That is to say, for two threads, Thread 0 processes an odd number of triangles, and thread 1 processes an even number of triangles.
The test results show that the efficiency has been improved by more than 0.8.

"Hey, hey, buddy, you have already passed the article. Why are you still not having to answer the question ?" -- The Reader roared and looked around for pebbles or rotten eggs.
"WUSA... quiet, quiet, I have been hanging on the title !" ---- I raised an umbrella that I had prepared long ago.

Why? Why?
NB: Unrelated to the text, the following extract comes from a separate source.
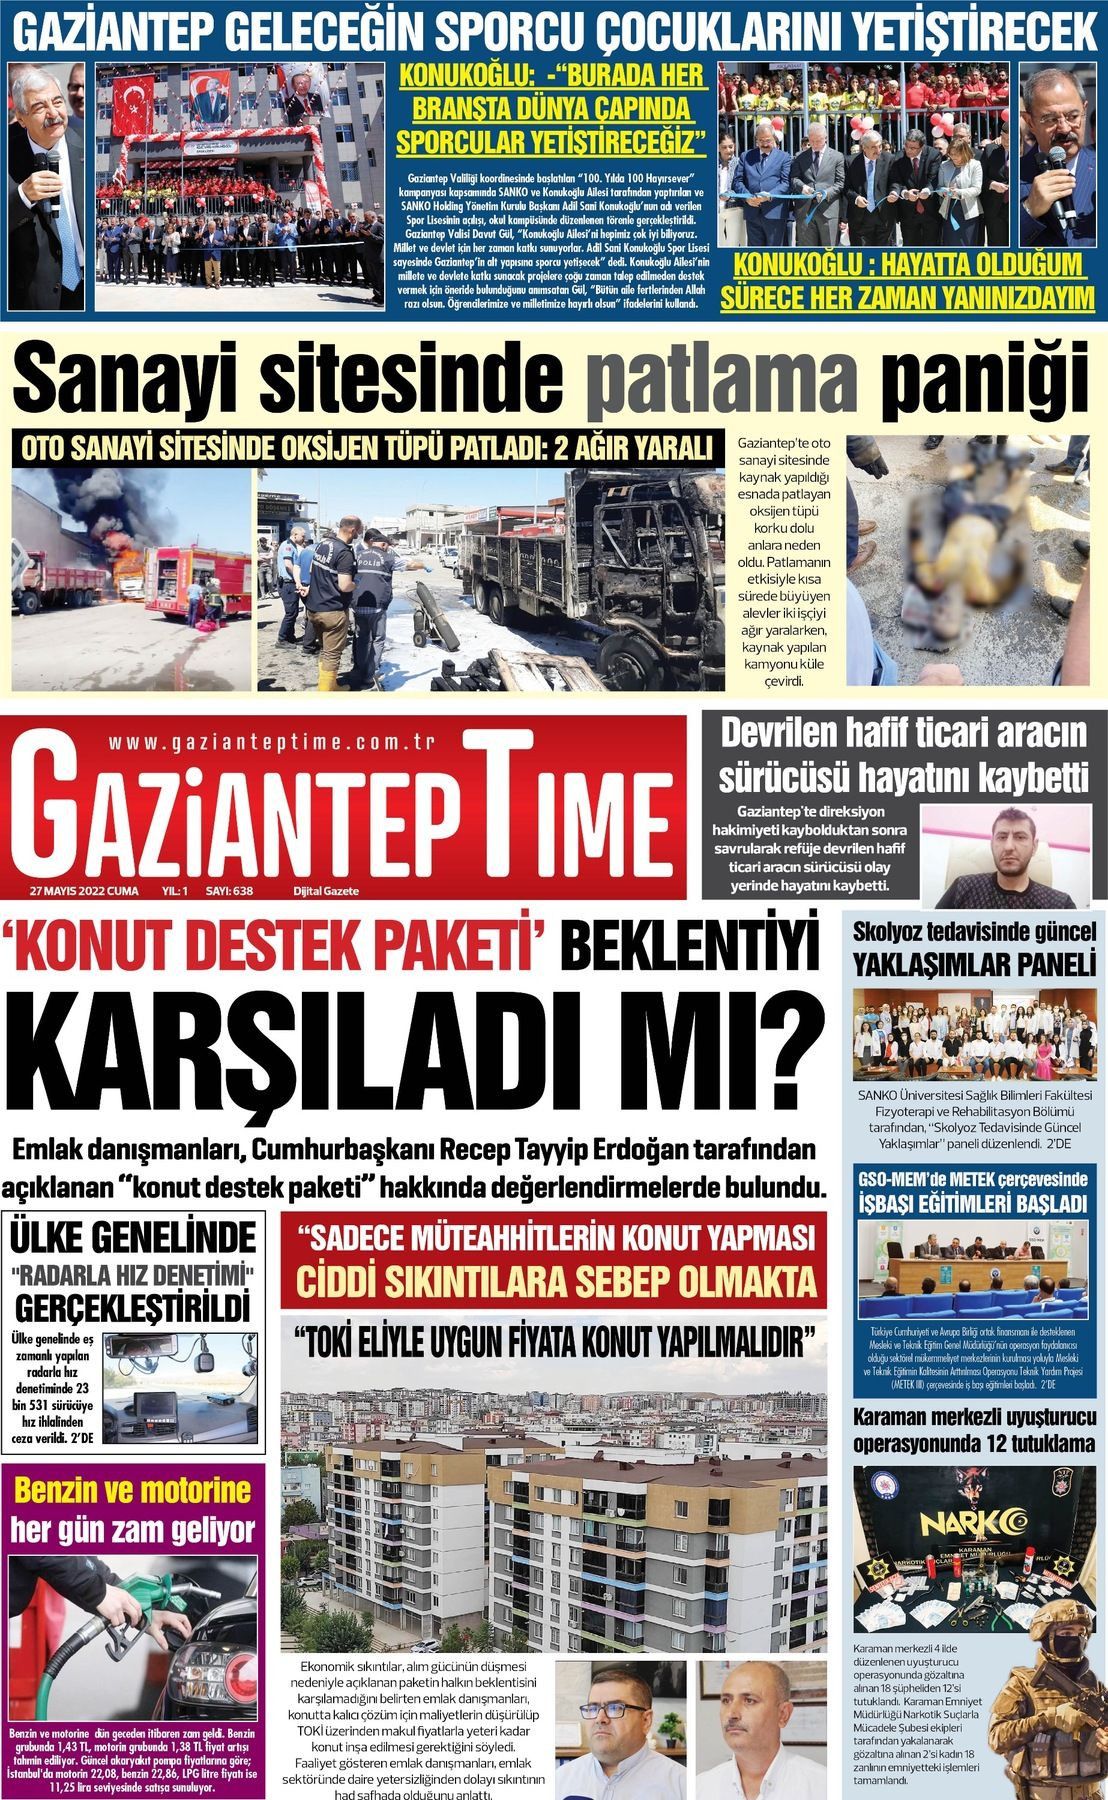 27 Mayıs 2022 Gaziantep Time Gazete Manşeti

Why?
One thing I did not mention in the previous article: To take care of GPU Cache Optimization, all of my model data is cache optimized for 16 vertices cached by geforce2, that is, this is also an advantage when the CPU processes these vertices. In two threads, two triangles are processed simultaneously. If they are processed at the same speed, they are basically processing the adjacent triangles, and these adjacent triangles, whether they are indexes, or vertex, the probability of being in the cache of the CPU is quite large, and the efficiency of the cache effect is relatively small. When data is divided into two segments for processing, the CPU needs to cache four segments of memory at the same time (two indexes and two vertices ), when the cache is not large enough (AMD's U cache is small), the efficiency reduction caused by the cache effectiveness directly offsets the Efficiency Improvement of multithreading and even slows down!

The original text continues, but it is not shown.